Here’s a crazy idea: let’s give tax cuts for wealthy people and companies and that will benefit the poor. According to a recent study, this approach (recently advocated by the Trump administration, among others) is just that: a crazy idea that doesn’t work — all it does is increase inequality.

Image credits: Mathieu Stern.

In 2017, President Trump sold his tax cuts as “rocket fuel” for the economy. The idea is that tax cuts on the wealthy would free up money that would allow companies to hire more people, ultimately helping those in need. Trump is far from the only one to propose this approach. Several leading US politicians (typically on the Republican side) have advocated measures along this line.

It seems counterintuitive, but economics isn’t always intuitive. It seemed to work during the Reagan years, and the supporters of trickle down economics (initially used as a pejorative term) saw it as a win. Like a pyramid of champagne glasses, they said, you just need to fill the top glass, and then it will flow naturally to the others. But the top glasses have been getting bigger and bigger, and next to nothing is flowing to the glasses below.
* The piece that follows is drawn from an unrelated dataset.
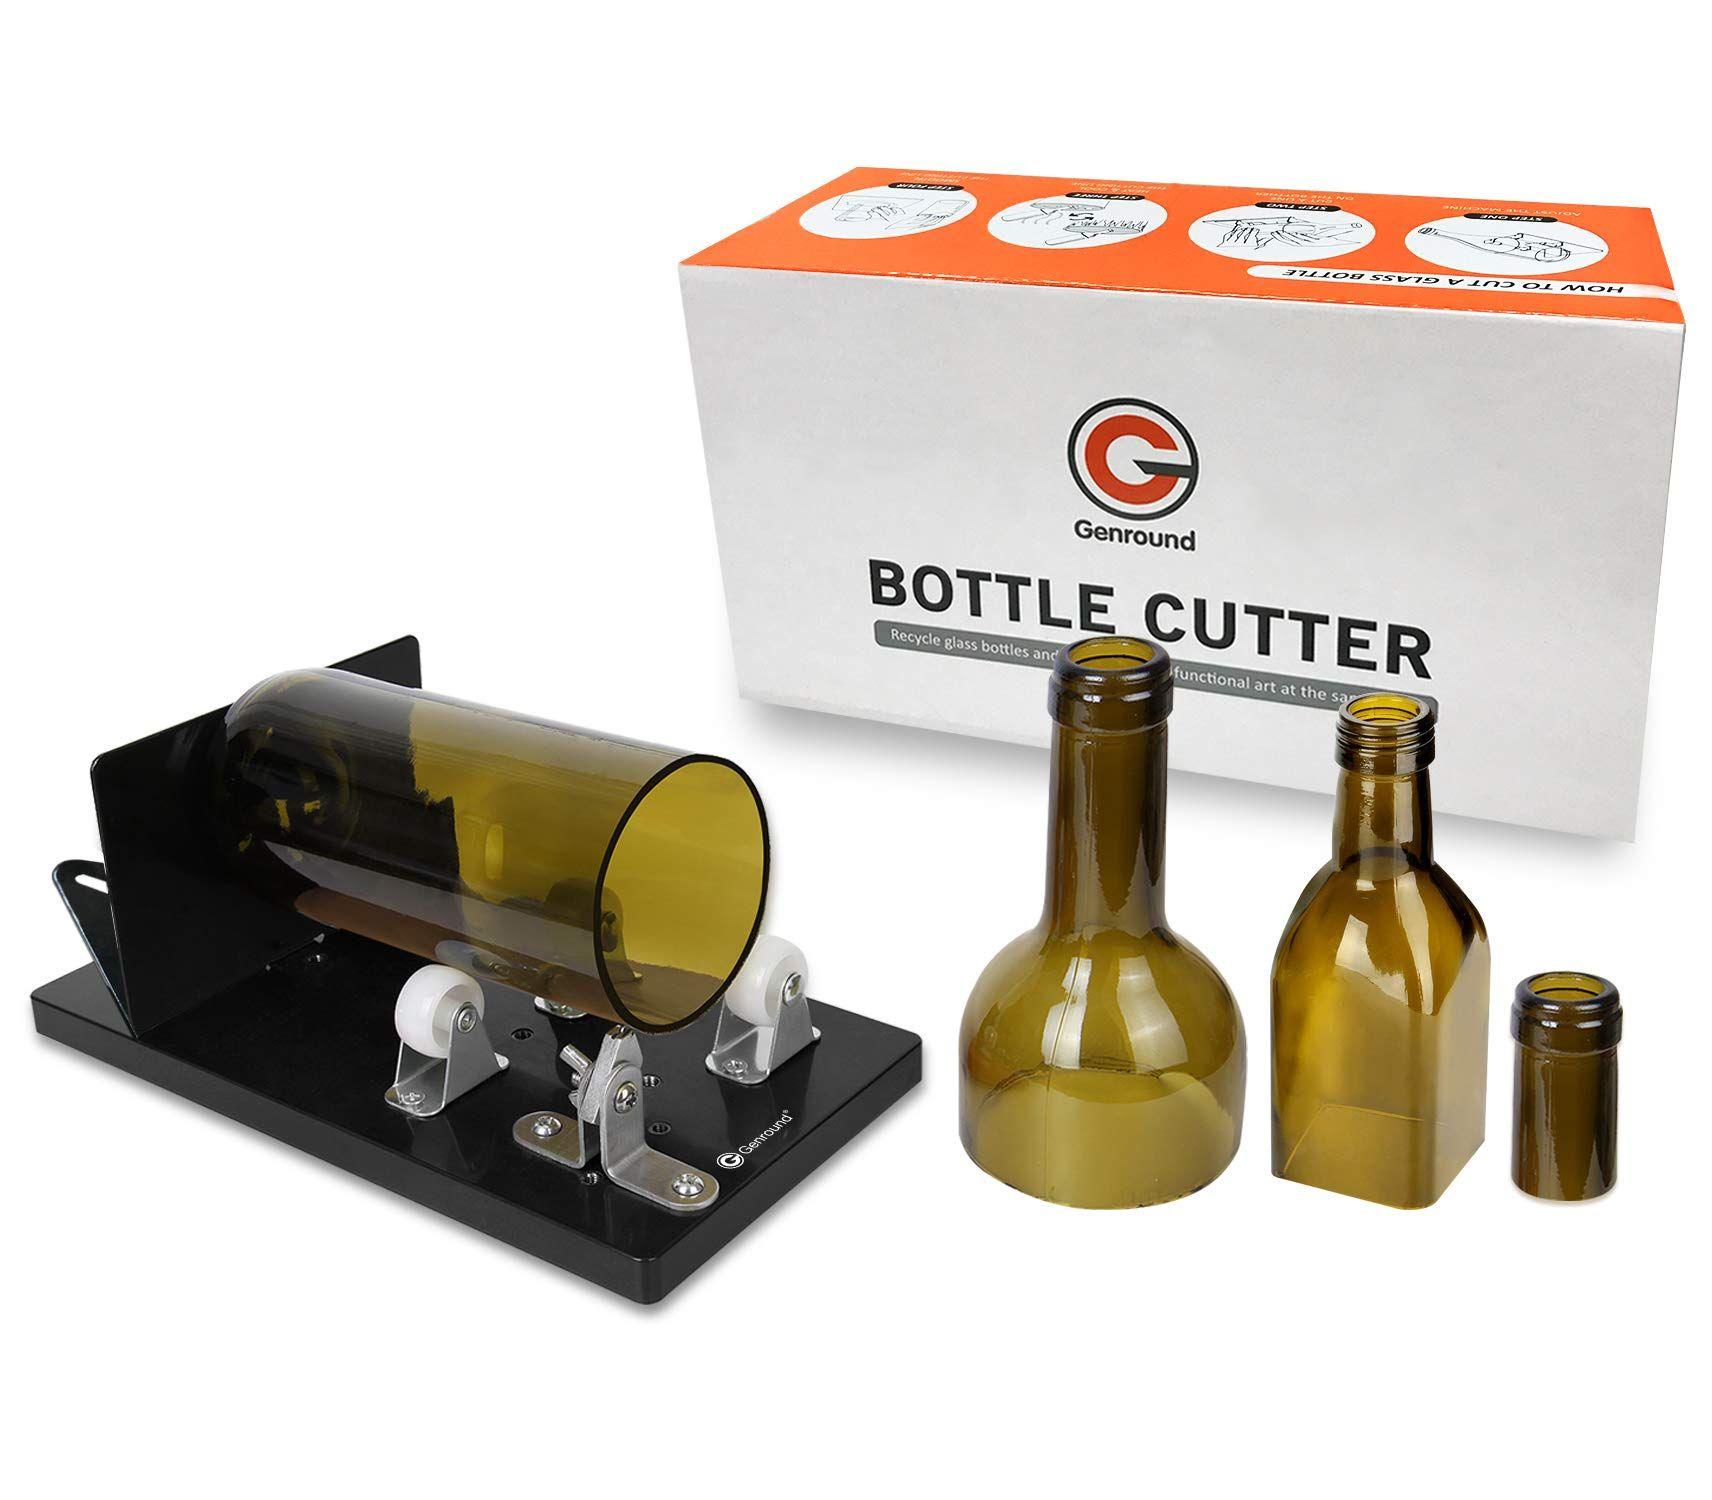 Glass Cutter Beer Wine Bottle Cut Bottles Cutting Tool for Art Craft Making DIY

Simply put, economic inequality is steadily on the rise in the US. The poorer 80% of the country only own 7% of its wealth. Productivity has increased constantly for US workers and for a time, the median income increased with it — but after the measures in the late 80s, things changed.

In the late 1980s, multiple countries implemented tax cuts for the well-off. The latest study analyzed data from 18 developed countries, including the US, looking at the connection between trickle-down tax cuts and economic growth. Their conclusions leave little to interpretation:

“The results also show that economic performance, as measured by real GDP per capita and the unemployment rate, is not significantly affected by major tax cuts for the rich. The estimated effects for these variables are statistically indistinguishable from zero,” the study reads.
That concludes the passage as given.